Панченко, его штурман Чудненко и стрелок-радист Егоров, пройдя по маршруту Сталинград, Морозовск, Тихорецк, возвращались домой с ценными сведениями о движении поездов на территории, занятой врагом.
Не долетая до моста через Аксай, они обнаружили эшелон, направлявшийся к Сталинграду. Действуя с небольшой высоты, экипаж с нескольких заходов разбил его бомбами. Вагоны загорелись, начали рваться боеприпасы. Самолет ушел, а среди заснеженного поля долго еще догорал немецкий военный эшелон...

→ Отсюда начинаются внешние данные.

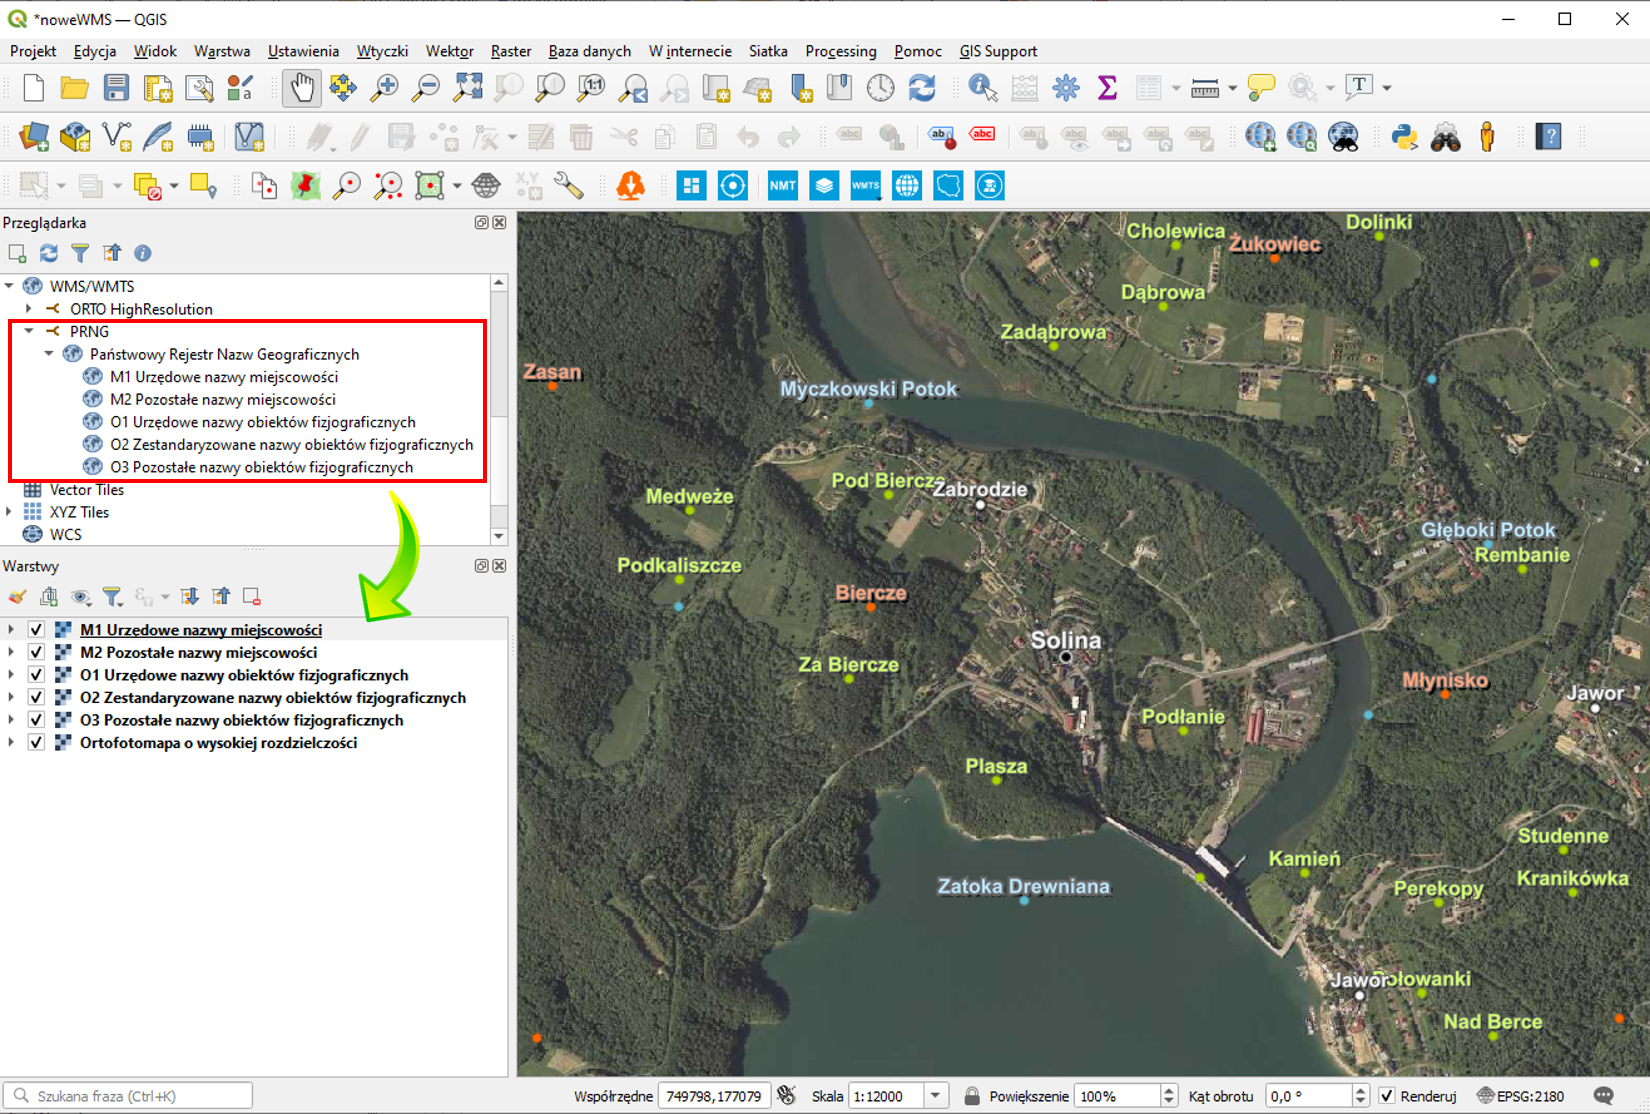 Ilustracja przedstawia zrzut ekranu z aplikacji QGIS z fragmentem ortofotomapy oraz nazwami obiektów geograficznych okolic miejscowości Solina w postaci usługi przeglądania WMS. Po lewej stronie ilustracji, znajduje się okno przeglądarki danych (usługa przeglądania WMS danych PRNG zaznaczona czerwonym prostokątem) oraz warstw mapy (wskazane strzałką)

Бочин со своими товарищами прошел по еще более длинному маршруту. Они побывали над Тацинской, Батайском и Ростовом. В Ростове, включив бортовые огни, Бочин встал в круг немецких самолетов, образовавшийся над аэродромом, и, понаблюдав, что делается на земле, определил место заправочной линии немецких машин, а затем его экипаж сбросил туда бомбы. На аэродроме вспыхнули пожары. Заметались лучи зенитных прожекторов, были выключены все сигнальные огни. Но зенитка не стреляла — по кругу ходили немецкие самолеты. Воспользовавшись суматохой, Бочин спокойно ушел на северо-восток...
Экипаж Склярова, пройдя по заданному маршруту, обнаружил в районе Акатово значительное движение транспорта. С нескольких заходов ребята сбросили бомбы по колоннам, а затем, снизившись, обстреляли грузовики из пулеметов. Зенитные средства врага, защищавшие переправу у Акатово, обрушили на советский самолет всю силу своего огня. Осколки снарядов пробили бензобаки, обшивку и кабину летчика. Перетянув линию фронта, Скляров пошел на вынужденную: из баков через пробоины вытекло горючее. Лишь спустя два дня члены его экипажа вернулись домой пешком...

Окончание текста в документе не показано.